Observability
The backend writes structured JSON logs and exposes Prometheus metrics. The frontend posts page-view and error events to a telemetry endpoint that fans out to the same log and metric streams.
Only metadata is recorded. No request payloads are logged.
Logs
Rotated JSONL on the painscaler_data volume:
/data/logs/painscaler.log/data/logs/painscaler-2026-04-15T10-22-31.000.log.gz...Errors mirror to stderr regardless of log level, so
docker logs painscaler-api surfaces them.
Configuration
| Var | Default | Meaning |
|---|---|---|
LOG_DIR | /data/logs | Log directory. |
LOG_LEVEL | info | debug / info / warn / error. |
LOG_MAX_SIZE_MB | 50 | Rotate when the current file exceeds this size. |
LOG_MAX_BACKUPS | 10 | Number of rotated files retained. |
LOG_MAX_AGE_DAYS | 30 | Maximum age of rotated files. |
LOG_COMPRESS | true | Gzip rotated files. |
Per-request log shape
Every HTTP request produces one record after completion:
{ "time": "2026-04-16T20:11:42.331Z", "level": "INFO", "msg": "http request", "service": "painscaler", "version": "0.5.0", "commit": "4a57559", "request_id": "5f9e...", "route": "/api/v1/segment/:segmentID/policies", "method": "GET", "status": 200, "duration_ms": 12, "bytes_out": 4218, "client_ip": "10.0.1.42", "user_agent": "Mozilla/5.0 ...", "user": "alice"}route is c.FullPath() (the Gin route template). Path parameters do not
inflate cardinality in log aggregators or Prometheus labels.
Example queries
# All errorsdocker compose cp painscaler-api:/data/logs/painscaler.log - | \ jq -c 'select(.level=="ERROR")'
# Top routes by request countdocker compose cp painscaler-api:/data/logs/painscaler.log - | \ jq -r 'select(.msg=="http request") | .route' | \ sort | uniq -c | sort -rn | head
# Slow requests (duration_ms > 500)docker compose cp painscaler-api:/data/logs/painscaler.log - | \ jq -r 'select(.msg=="http request" and .duration_ms > 500) | [.route, .duration_ms] | @tsv'
# Browser-side errors onlydocker compose cp painscaler-api:/data/logs/painscaler.log - | \ jq -c 'select(.source=="frontend" and .type=="error")'The distroless image does not include jq. Copy the file out and pipe
locally.
Metrics
http://painscaler-api:8080/metrics. Reachable from inside the compose
network only. Caddy does not proxy /metrics.

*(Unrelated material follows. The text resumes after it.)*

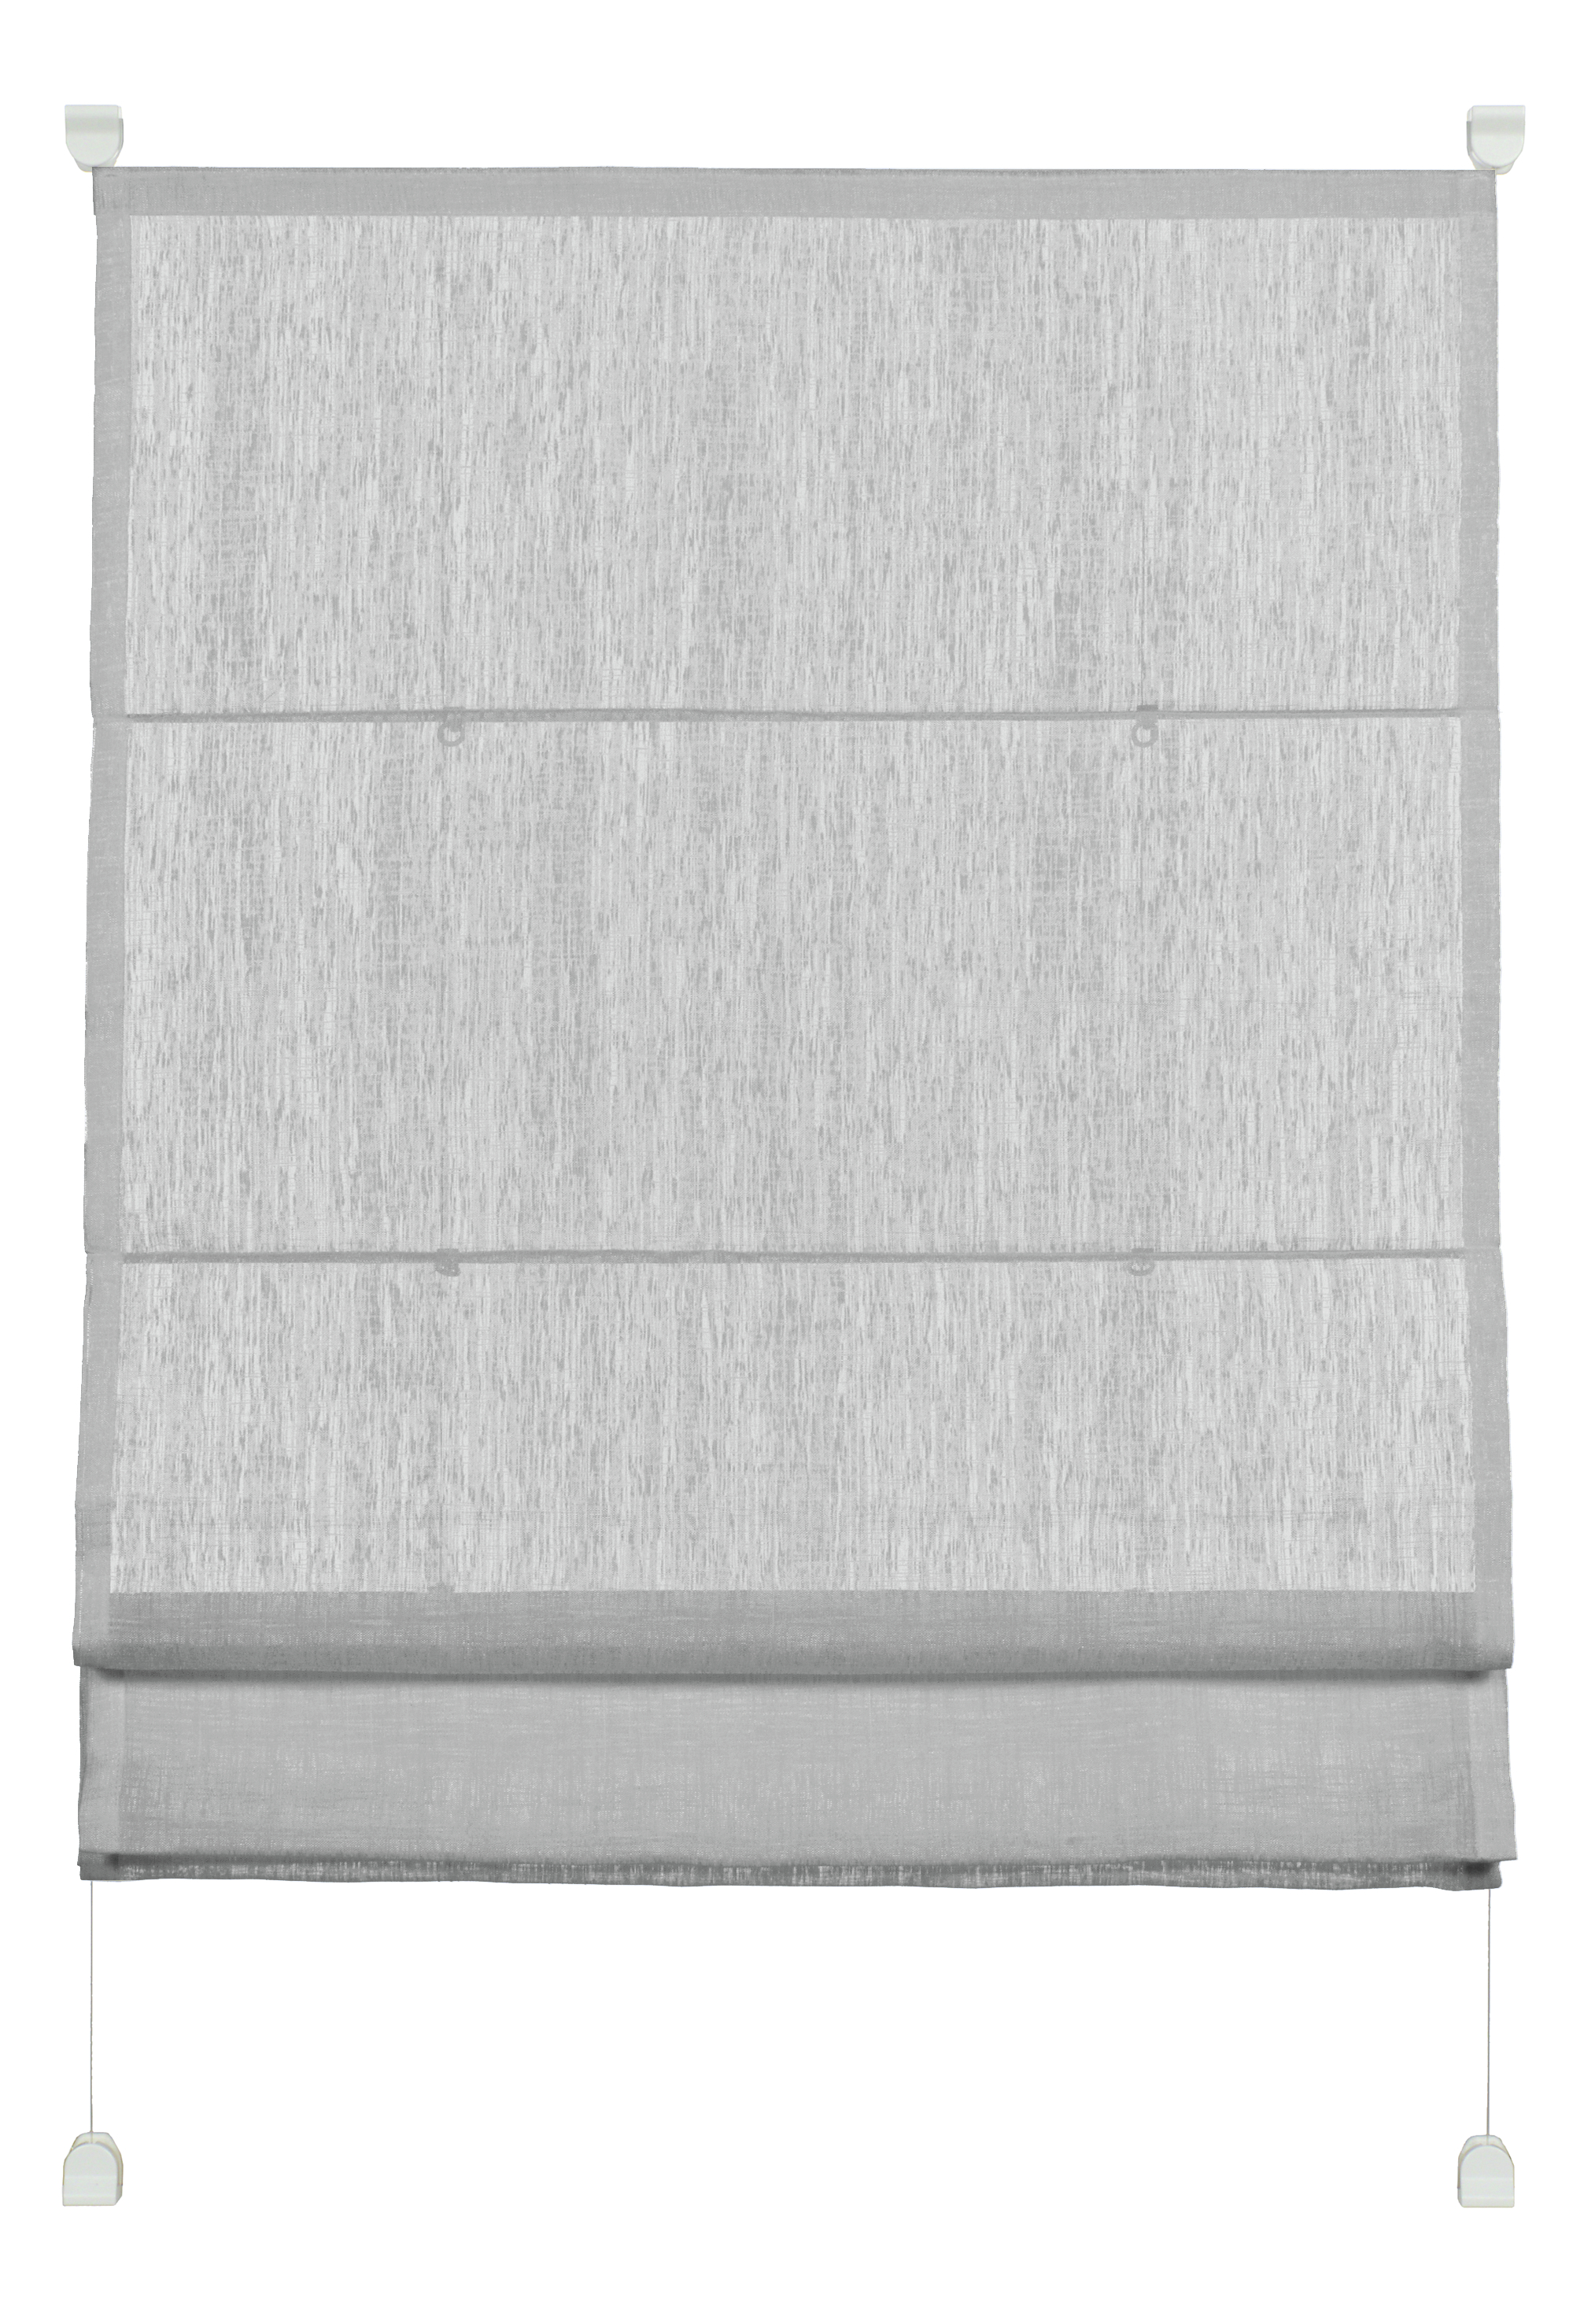 easyfix raffrollo struktur grau 80 x 140 cm 32414. Black Bedroom Furniture Sets. Home Design Ideas

| Metric | Type | Labels |
|---|---|---|
painscaler_http_requests_total | counter | route, method, status |
painscaler_http_request_duration_seconds | histogram | route, method |
painscaler_frontend_events_total | counter | type (page_view, error) |
painscaler_build_info | gauge = 1 | version, commit, date |
Routes use the Gin template (/api/v1/segment/:segmentID/policies).
Cardinality is bounded by the route count.
Adding a Prometheus container
Append to deploy/docker-compose.yml:
prometheus: image: prom/prometheus expose: ["9090"] volumes: - ./prometheus.yml:/etc/prometheus/prometheus.yml:ro networks: [painscaler]Create deploy/prometheus.yml:
scrape_configs: - job_name: painscaler static_configs: - targets: ["painscaler-api:8080"]Expose Prometheus through Caddy to access the UI from outside the network.
Frontend telemetry
The browser buffers events and POSTs them to /api/v1/telemetry. Two
event types are emitted:
page_view— fired on every route change in the SPA.error— fired by the ReactErrorBoundarywhen a render throws.
Flush rules:
- Every 30 seconds via
fetch. - On
visibilitychange(tab hidden) vianavigator.sendBeacon. - On
pagehideviasendBeacon. - Immediately when the buffer reaches 100 events.
Failures are dropped without retry to avoid telemetry-induced error loops.
Server side
POST /api/v1/telemetry walks the batch, emits one slog line per event
with source=frontend, and increments
painscaler_frontend_events_total{type=...}. Remote-User (when present
and trusted) is attached to each log line.
Batch size is capped at 100 events. Larger batches are truncated.
Correlation
Both sides log the same request_id for every backend call. The server
sets X-Request-Id on the response. The browser does not propagate
X-Request-Id into subsequent telemetry events; current correlation is
by route and time. See Roadmap.
Why JSONL plus Prometheus
- The on-disk JSONL is the system of record and survives Prometheus outages.
- OpenTelemetry is not a dependency. If required later, the metrics package is a small, self-contained replacement surface.